> **Work instructions**
Start at the line with "L'homme d'affaires avec" and print every line through the end of the material below. Keep it exact and free of pictures.

> **Supplied data**
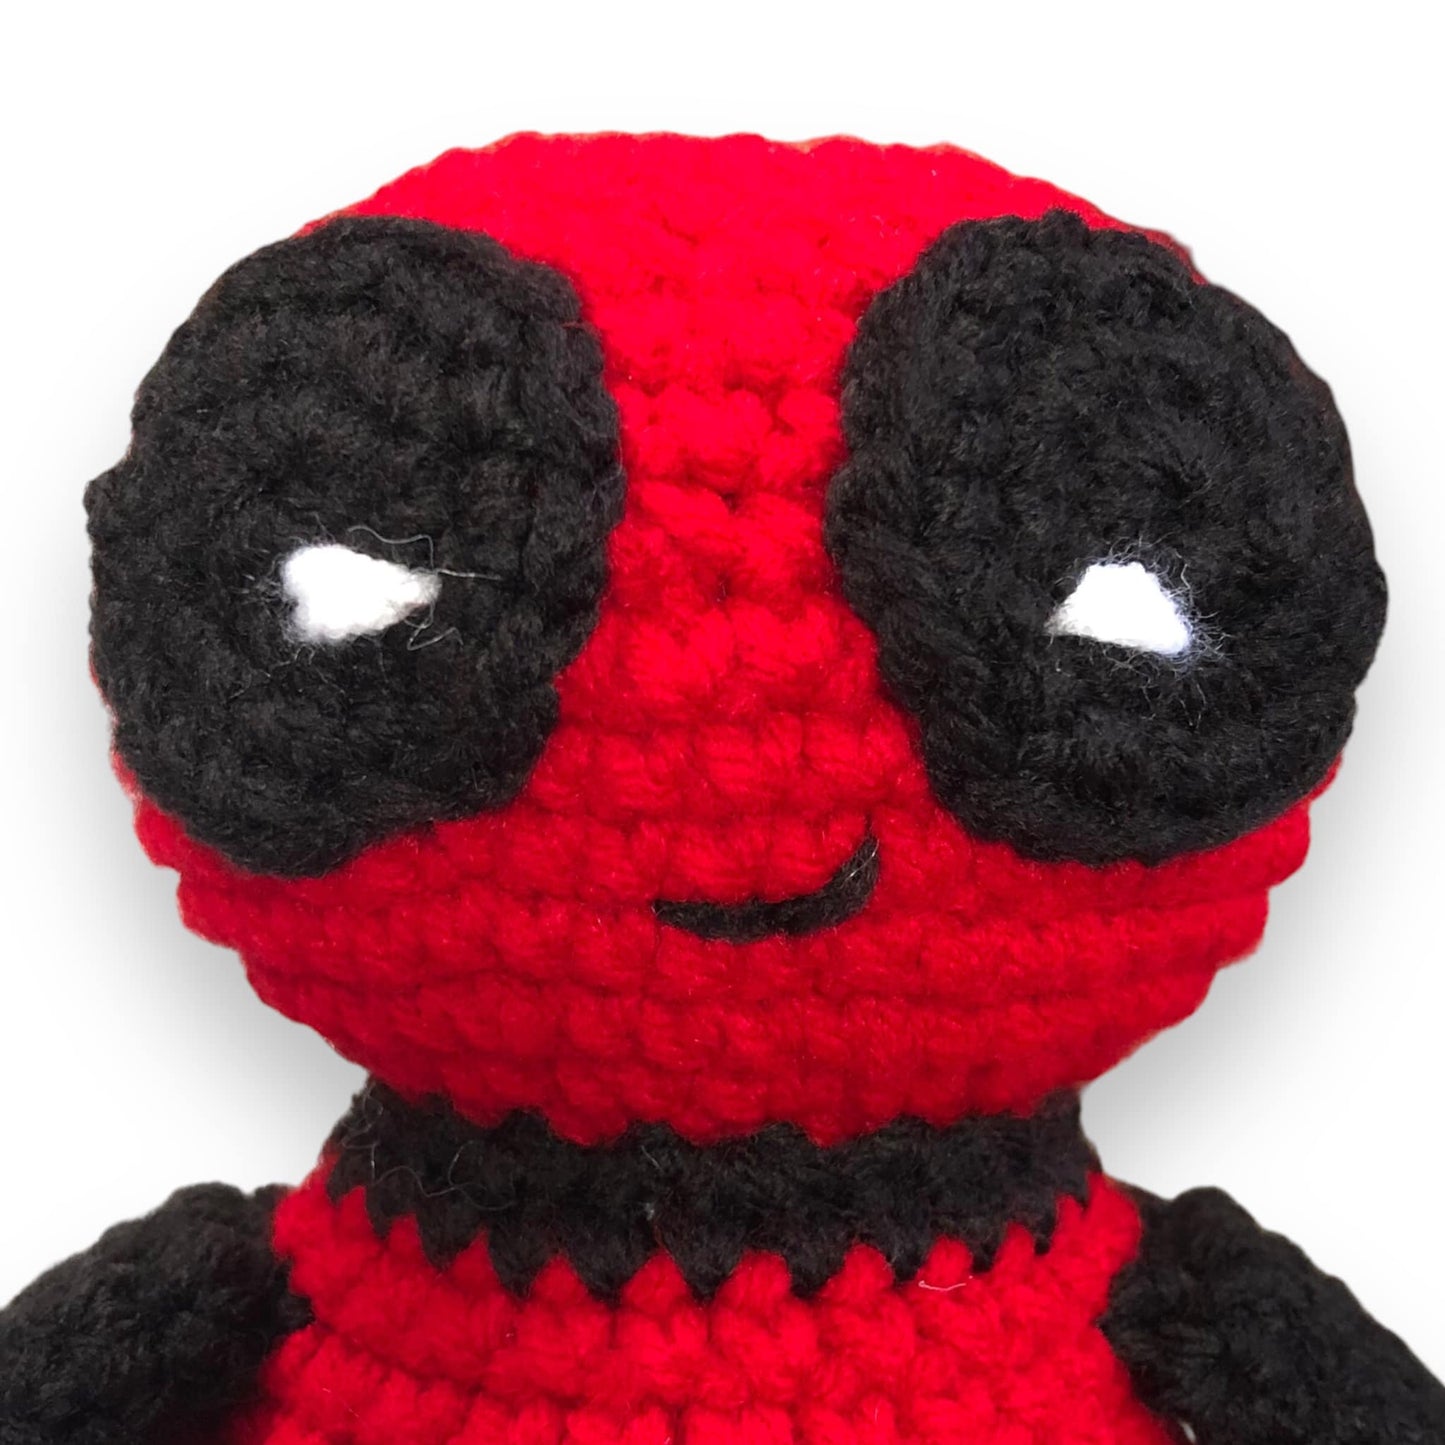 PATTERN: Crochet Deadpool with Booty PDF
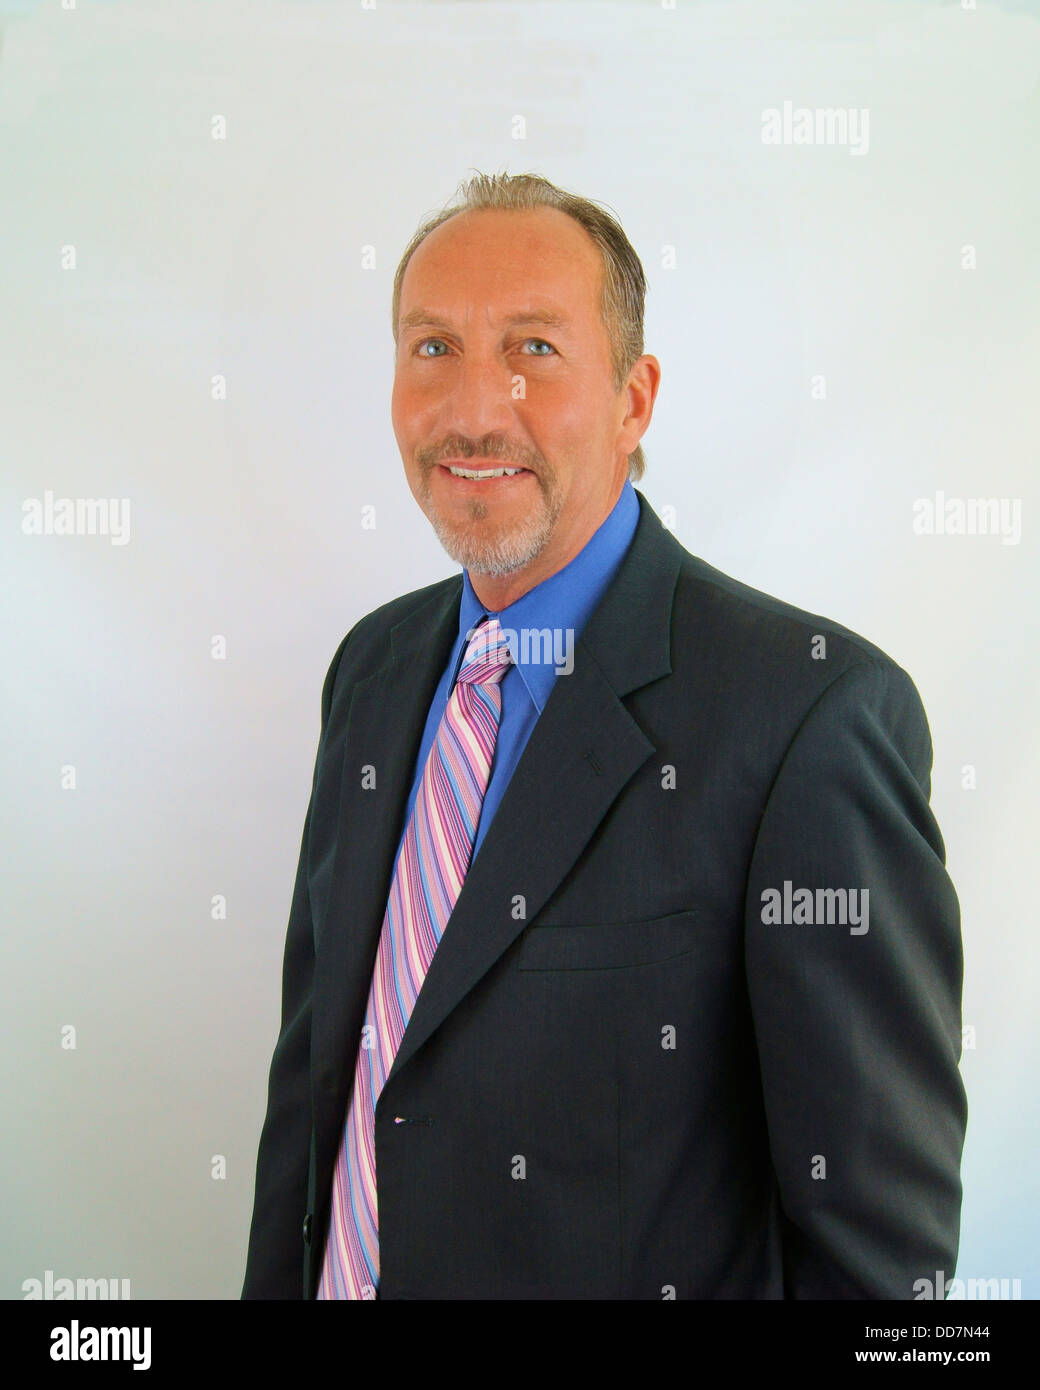 L'homme d'affaires avec cravate rose et bleu shirt Banque D'Images
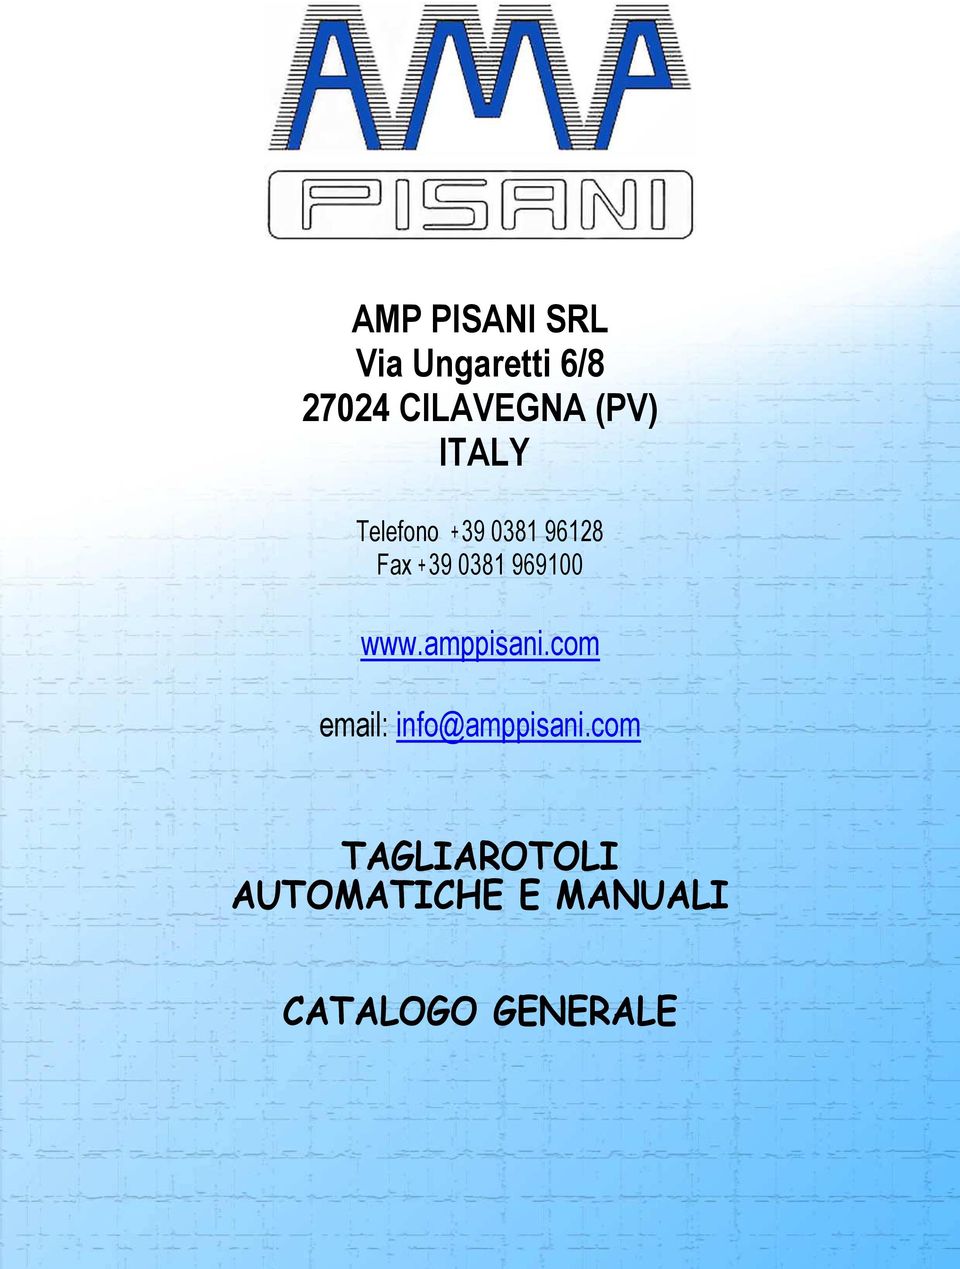 969100 www.amppisani.com email: info@amppisani.
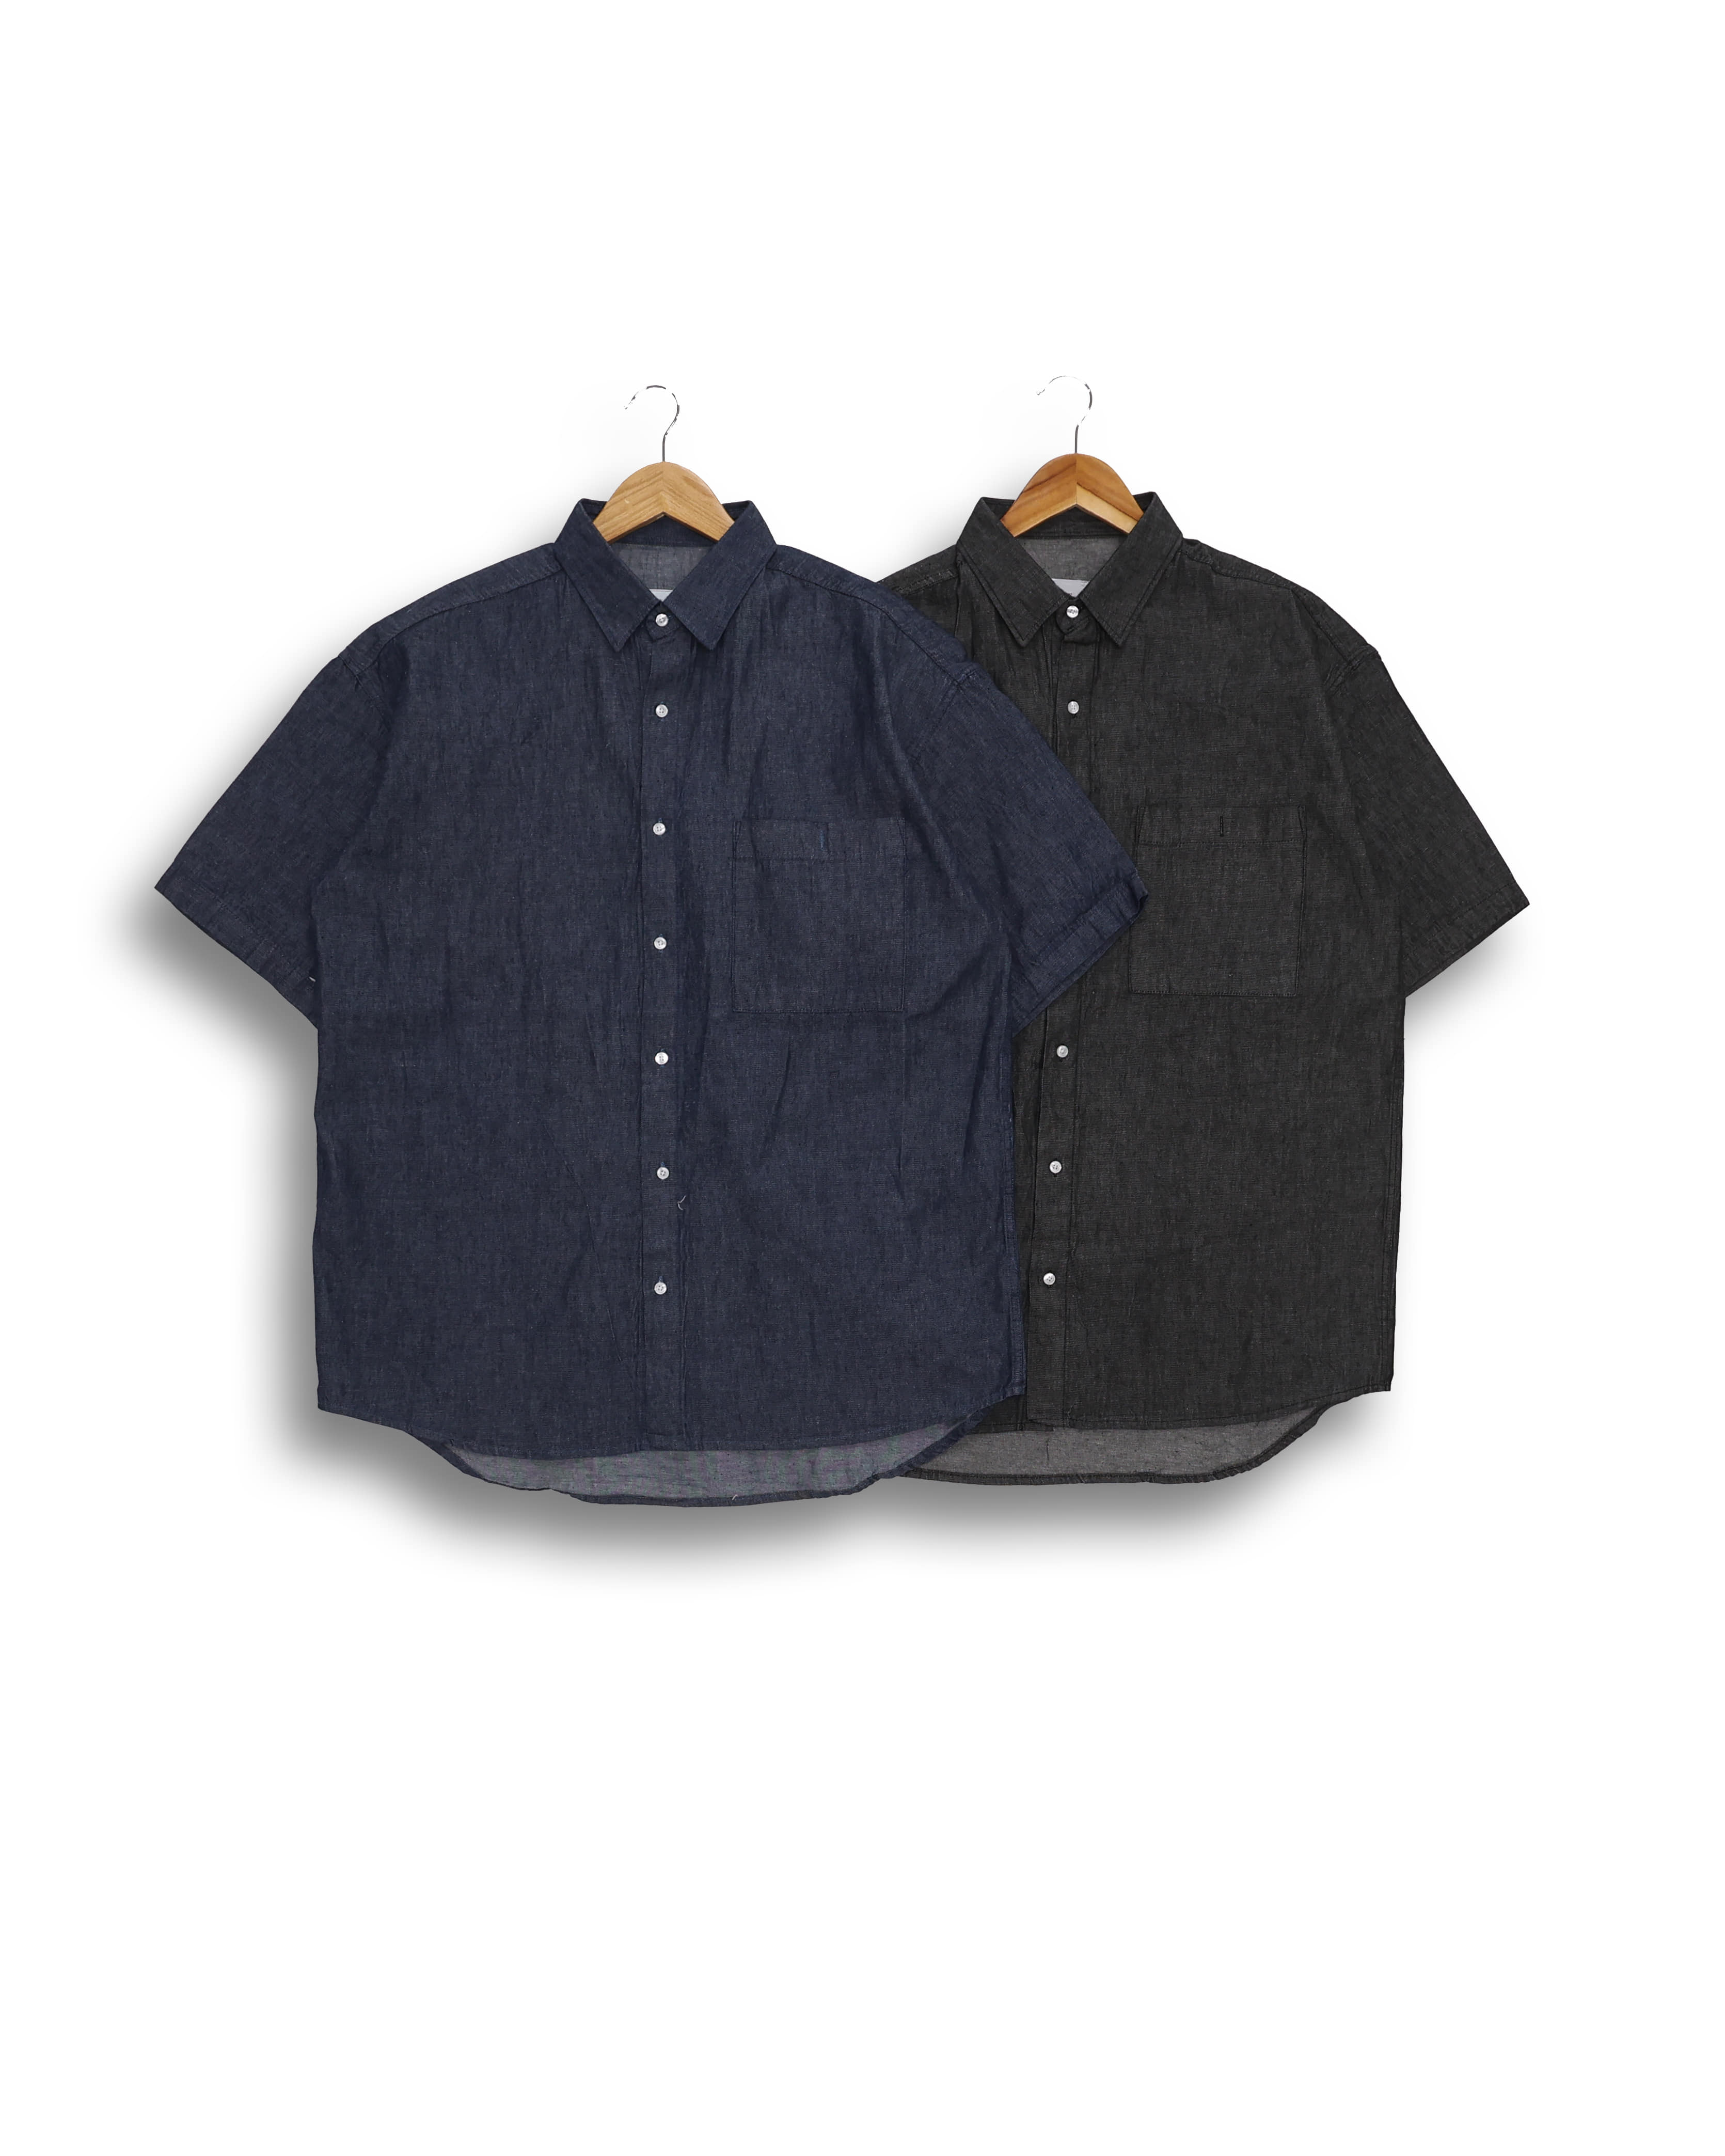 CRECENT Linen Denim Wide Half Shirts (Black Denim/Blue Denim)

> **Reply to the task**
 L'homme d'affaires avec cravate rose et bleu shirt Banque D'Images
 969100 www.amppisani.com email: info@amppisani.
 CRECENT Linen Denim Wide Half Shirts (Black Denim/Blue Denim)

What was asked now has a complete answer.